12. CHANGES TO TERMS
Smartta AI may modify the terms and conditions in this Agreement at any time. If Smartta AI makes a material change, it will provide Customer with reasonable notice.
13. GENERAL PROVISIONS
13.1 Entire Agreement and Order of Precedence.
This Agreement is the entire agreement between Smartta AI and Customer regarding Customer's use of Services. In the event of any conflict or inconsistency among the following documents, the order of precedence shall be: (1) the DPA; (2) the applicable Product Addendum; (3) the applicable Resold Service Addendum; (4) the Service Level Agreement (SLA); (5) the applicable Order Form; (6) the General Product Terms; and (7) the body of this Agreement.
13.2 Relationship of the Parties.
The parties are independent contractors.
13.3 Waiver.
No failure or delay by either party in exercising any right under this Agreement will constitute a waiver of that right.
13.4 Severability.
If any provision of this Agreement is found to be unenforceable or invalid, that provision will be limited or eliminated to the minimum extent necessary.
13.5 Assignment.
Neither party may assign any of its rights or obligations hereunder, whether by operation of law or otherwise, without the other party's prior written consent.
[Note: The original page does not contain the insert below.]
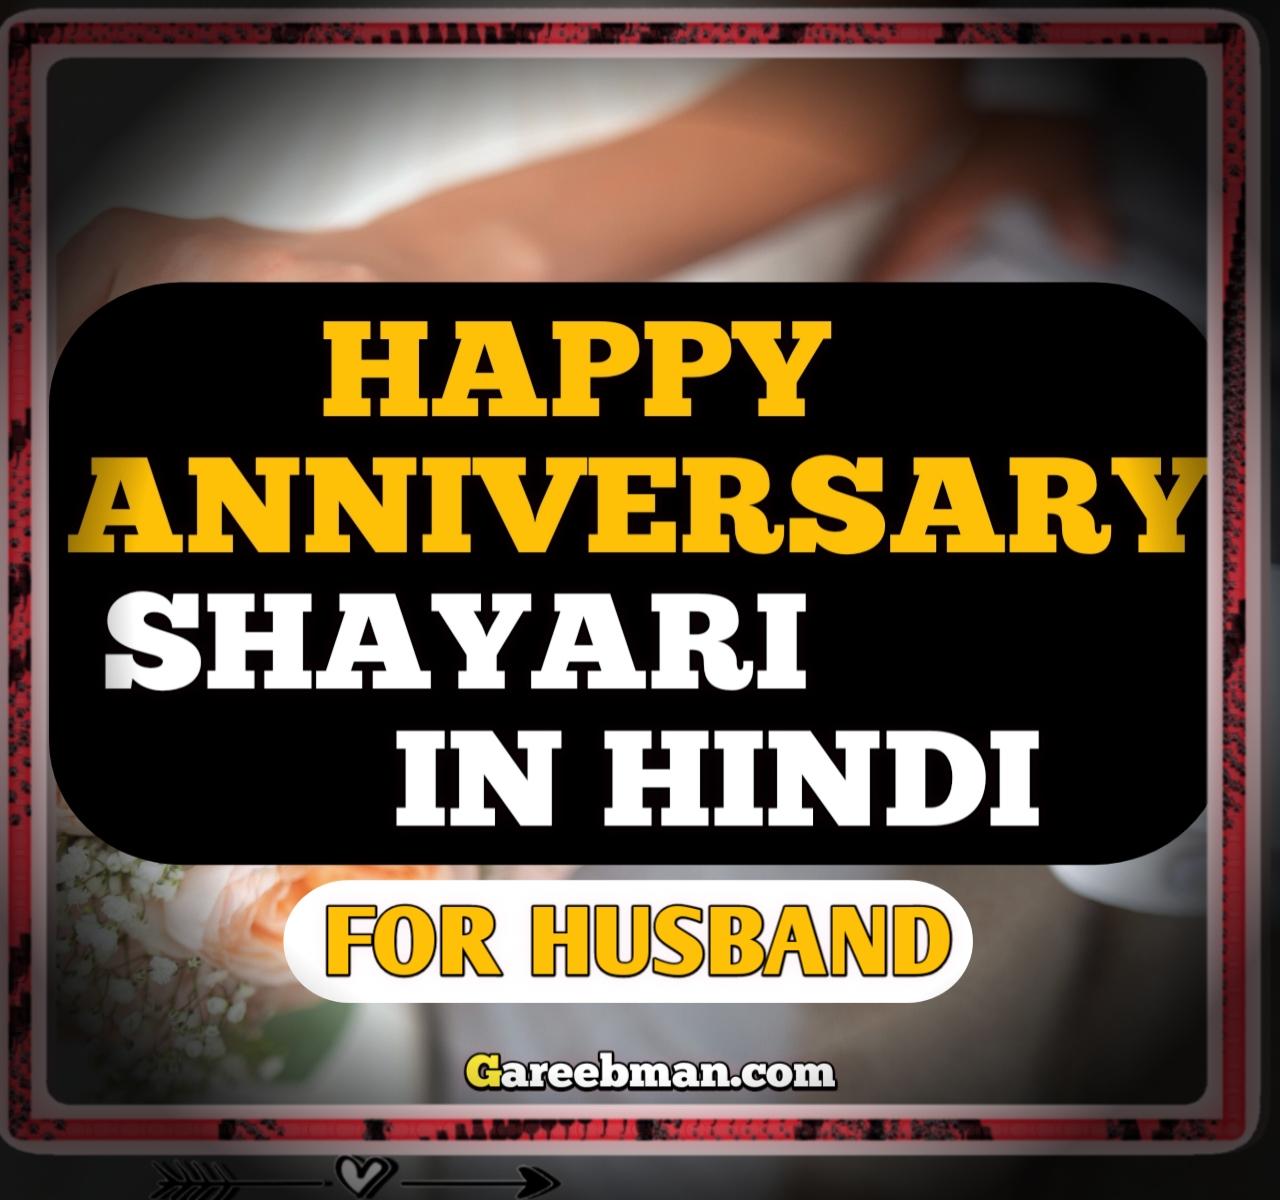 Anniversary shayari for husband

13.6 Governing Law and Venue.
This Agreement shall be governed by the laws of the State of New South Wales, Australia.
13.7 Manner of Giving Notice.
All notices related to this Agreement will be in writing.
13.8 Force Majeure.
Neither party will be liable for any failure or delay in performance due to a Force Majeure Event.
13.9 Dispute Resolution and Class Action Waiver.
Any dispute arising out of this Agreement will be resolved through final and binding arbitration. Claims may not be brought as a plaintiff or class member in any class or representative arbitration proceeding.